In 2023, Santai's revenue was 1.7 billion yuan, an increase of 7.08% from 1.588 billion yuan in 2022. However, net profit performed poorly, decreasing by 12.12% from 141 million yuan in 2022 to 124 million yuan in 2023 .

 

The growth in revenue corresponds to the increase in order volume. In 2023, Santai’s total global market sales exceeded 18.8 million units, an increase of 18.10% from 15.92 million units in 2022 .

 

 

Last year, Santai Co., Ltd.'s inventory turnover rate also increased from 7.20 to 8.57, and the inventory volume decreased by 6% compared with 2022 (from 3.84 million pieces to 3.61 million pieces).

 

In fact, San Tai shares has two major businesses, one is cross-border e-commerce retail, and the other is cross-border e-commerce logistics. Although the former is still its main business (accounting for 72.89%), it also brought 1.24 billion yuan to San Tai shares last year, but compared with 2022, this income has dropped by 5.71%. In contrast, the income of the logistics business has increased by 68.69%.

 

Some people say that in the future, will San Tai Shares abandon its retail business and completely transform itself into a logistics service provider? In the short term, this is unlikely, after all, the retail business is still the largest part, and the investment in this part of the business is still continuing.

 

By region, Europe ( 36.98%) is still the main market for San Tai Shares, bringing in 629 million yuan in revenue last year, up 22.13% from 515 million yuan in 2022. Revenues from other markets such as North America, Oceania, and Asia are all growing, while South America and Africa may be intentionally reduced by San Tai Shares, resulting in a sharp drop in revenue.

 

In terms of channels, more than 99% of revenue is generated online. If we look at the retail business, the online channel segments have not been disclosed in detail, but according to the previous prospectus, San Tai Shares may intend to reduce its layout on Amazon.

 

Multi-platform layout, dare not rely on Amazon

 

We still have to mention the " account suspension wave " , after all, this storm affected most sellers. The business adjustments of big sellers also almost started from here.

 

Although Santai Holdings was not directly affected, its earlier prospectus showed that its sales share on Amazon was declining.

 

In 2019 , Santai’s sales on Amazon accounted for 47.78% of its total sales. Subsequently, it dropped sharply to 29.06% in 2020 with revenue of 400 million yuan . In 2021 , the Amazon channel brought back 654 million yuan in revenue, and the proportion also rebounded to 35.88%. In 2022, it dropped to 409 million yuan, accounting for 31.11% .

 

 

Overall, Amazon has always been the main layout platform for San Tai Shares.
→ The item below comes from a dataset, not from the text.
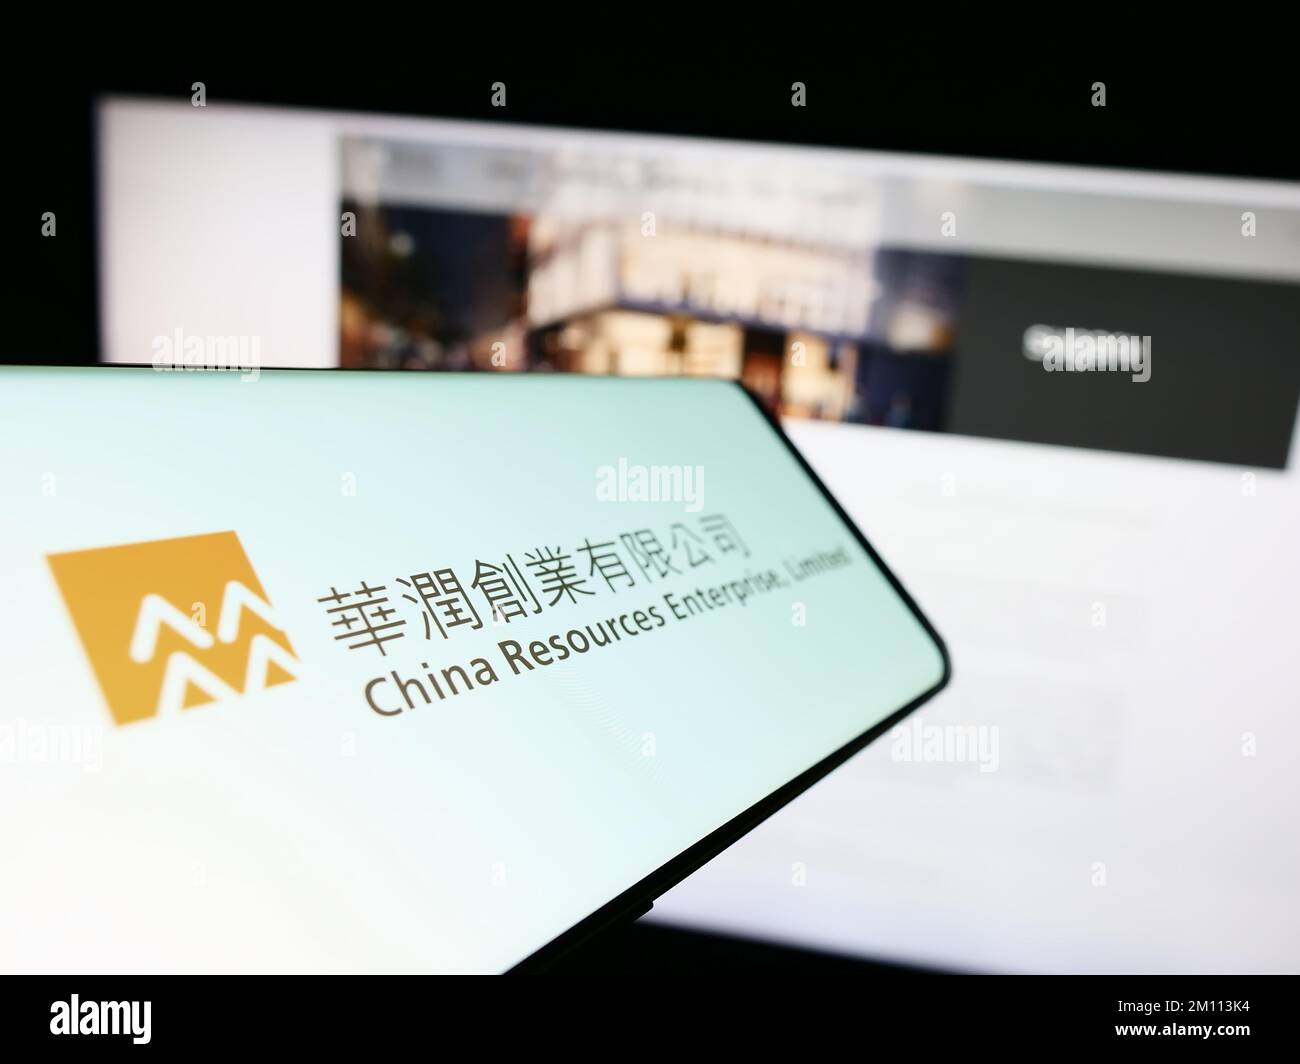 Telefono cellulare con il logo della società China Resources Enterprise Limited sullo schermo davanti al sito Web. Messa a fuoco al centro a sinistra del display del telefono. Foto Stock

However, in recent years, its sales share on platforms such as AliExpress and Shopee has increased year by year, from 4.29% and 1.02% in 2019 to 13.22% and 16.04% in 2022 , respectively .

 

At the same time, Santai’s revenue on platforms such as eBay and Lazada has stabilized.

 

In 2023, Santai’s revenue share from platforms such as Amazon, eBay, AliExpress, and Shopee will be 32.36%, 15.48%, 15.46%, and 14.07%, respectively .

 

It can be seen that its layout of online channels takes a multi-platform route, and the revenue structure of each platform is now relatively stable.

 

With precedents such as Zebao , Kuailetong, Youkeshu, and Tongtuo Technology , it is not surprising that Santai shares chose to develop on multiple platforms .

 

However, just after its listing, the story of Santai Shares has shown a clear downward trend. In less than a year, the stock price has fallen from a high of 21.36 yuan per share to a low of 8.43 yuan per share. How will Santai Shares' cross-border story be written in the future?